Four Rules for Data Success
- When Data Became a BIG Deal
- Data and the Single Server
- The Big Data Trade-Off
- Anatomy of a Big Data Pipeline
- The Ultimate Database
- Summary
- The first rule of any technology used in a business is that automation applied to an efficient operation will magnify the efficiency. The second is that automation applied to an inefficient operation will magnify the inefficiency.
- —Bill Gates
The software that you use creates and processes data, and this data can provide value in a variety of ways. Insights gleaned from this data can be used to streamline decision making. Statistical analysis may help to drive research or inform policy. Real-time analysis can be used to identify inefficiencies in product development. In some cases, analytics created from the data, or even the data itself, can be offered as a product.

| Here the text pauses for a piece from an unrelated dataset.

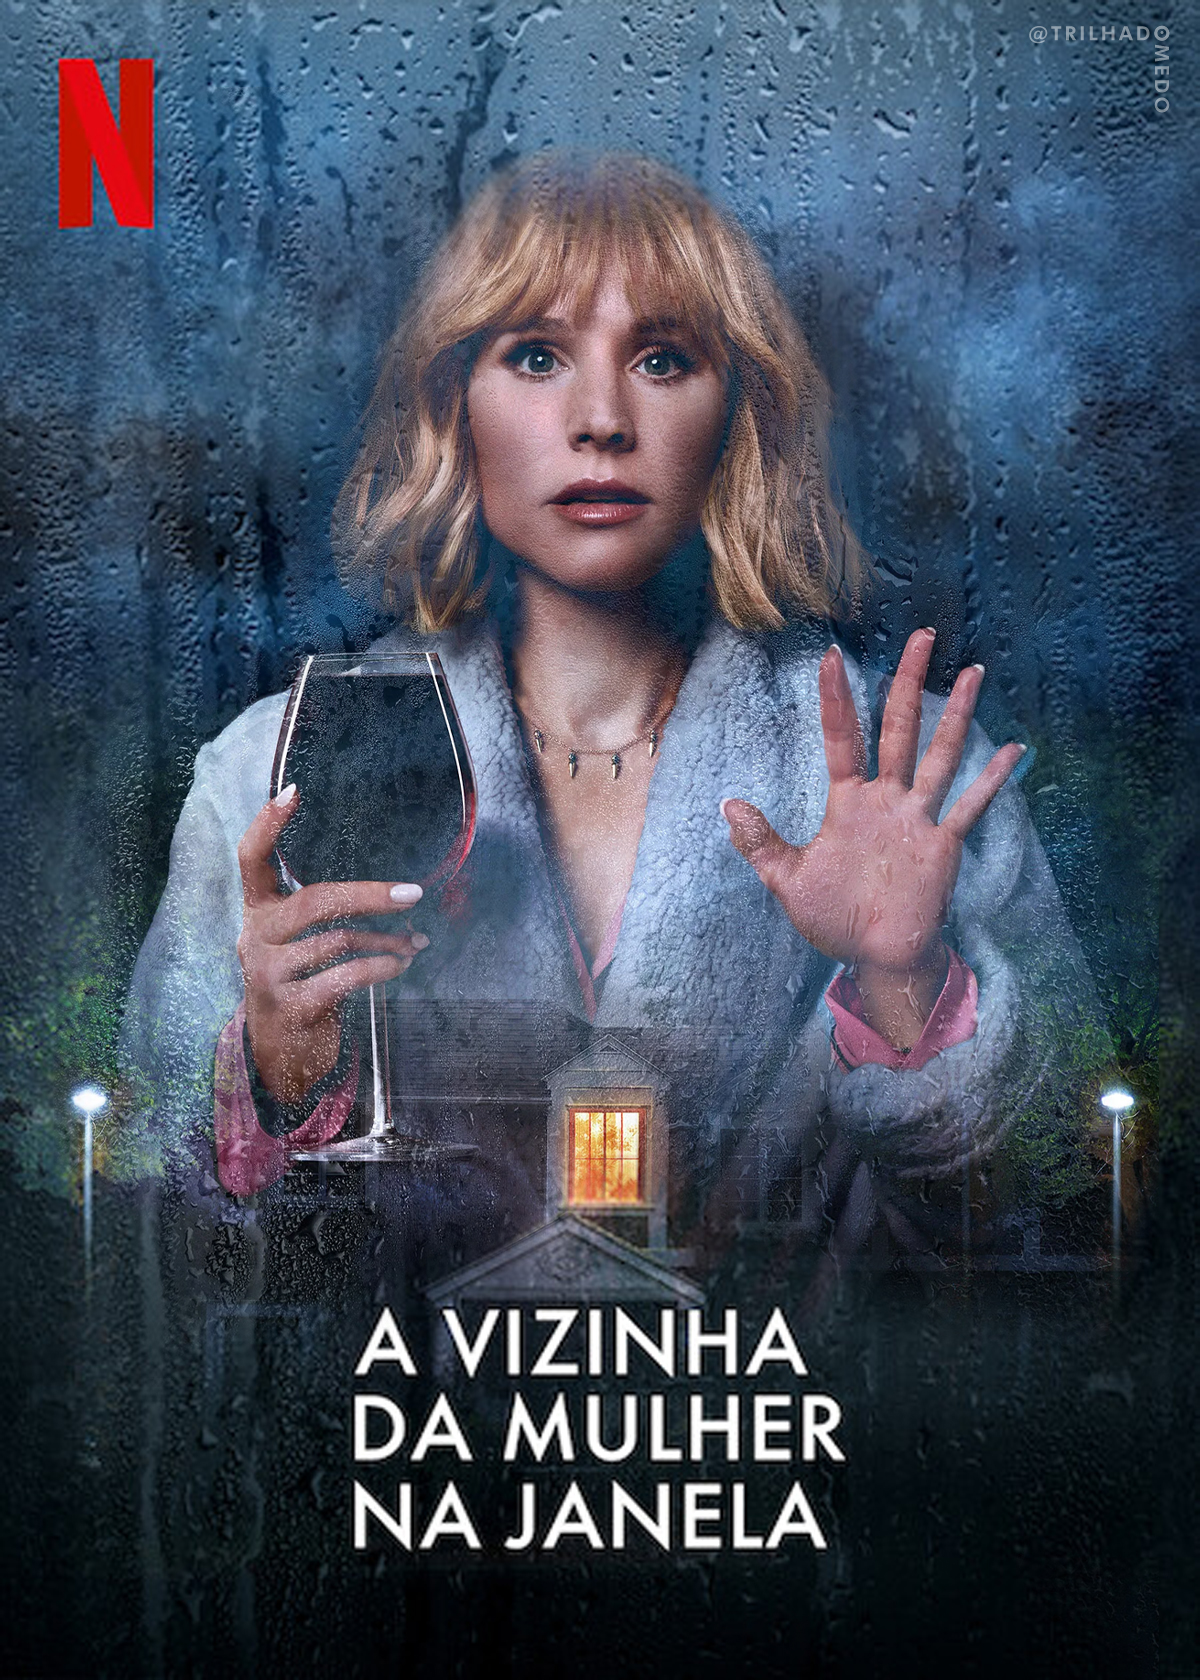 poster A Vizinha da Mulher na Janela | Netflix divulga novo trailer da série de suspense e comédia com Kristen Bell
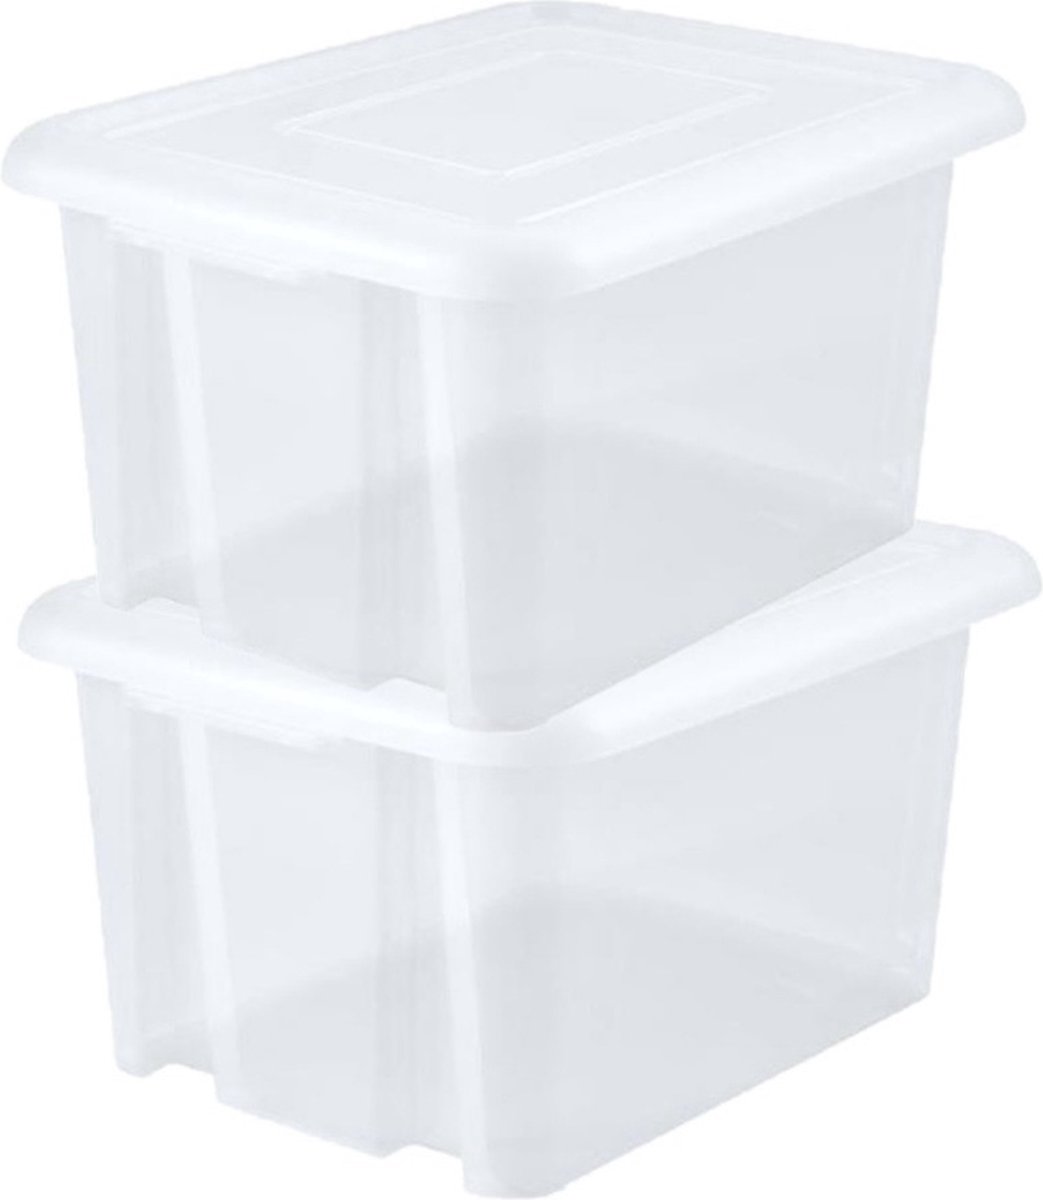 10x stuks kunststof opbergboxen/opbergdozen wit transparant L65 x B50 x H36 cm stapelbaar - Voorraad/opberg boxen/kisten/bakken met deksel

Studies have shown that organizations that use rigorous data analysis (when they do so effectively) to drive decision making can be more productive than those that do not.1 What separates the successful organizations from the ones that don’t have a data-driven plan?
Database technology is a fast-moving field filled with innovations. This chapter will describe the current state of the field, and provide the basic guidelines that inform the use cases featured throughout the rest of this book.
When Data Became a BIG Deal
Computers fundamentally provide the ability to define logical operations that act upon stored data, and digital data management has always been a cornerstone of digital computing. However, the volume of digital data available has never been greater than at the very moment you finish this sentence. And in the time it takes you to read this sentence, terabytes of data (and possibly quite a lot more) have just been generated by computer systems around the world. If data has always been a central part of computing, what makes Big Data such a big deal now? The answer: accessibility.
The story of data accessibility could start with the IT version of the Cambrian explosion: in other words, the incredible rise of the personal computer. With the launch of products like the Apple II and, later, the Windows platform, millions of users gained the ability to process and analyze data (not a lot of data, by today’s standards) quickly and affordably. In the world of business, spreadsheet tools such as VisiCalc for the Apple II and Lotus 1-2-3 for Windows PCs were the so-called killer apps that helped drive sales of personal computers as tools to address business and research data needs. Hard drive costs dropped, processor speeds increased, and there was no end to the amount of applications available for data processing, including software such as Mathematica, SPSS, Microsoft Access and Excel, and thousands more.
However, there’s an inherent limitation to the amount of data that can be processed using a personal computer; these systems are limited by their amount of storage and memory and by the ability of their processors to process the data. Nevertheless, the personal computer made it possible to collect, analyze, and process as much data as could fit in whatever storage the humble hardware could support. Large data systems, such as those used in airline reservation systems or those used to process government census data, were left to the worlds of the mainframe and the supercomputer.
Enterprise vendors who dealt with enormous amounts of data developed relational database management systems (RDBMSs), such as those provided by Microsoft SQL Server or Oracle. With the rise of the Internet came a need for affordable and accessible database backends for Web applications. This need resulted in another wave of data accessibility and the popularity of powerful open-source relational databases, such as PostgreSQL and MySQL. WordPress, the most popular software for Web site content management, is written in PHP and uses a MySQL database by default. In 2011, WordPress claimed that 22% of all new Web sites are built using WordPress.2
RDBMSs are based on a tried-and-true design in which each record of data is ideally stored only once in a single place. This system works amazingly well as long as data always looks the same and stays within a dictated size limit.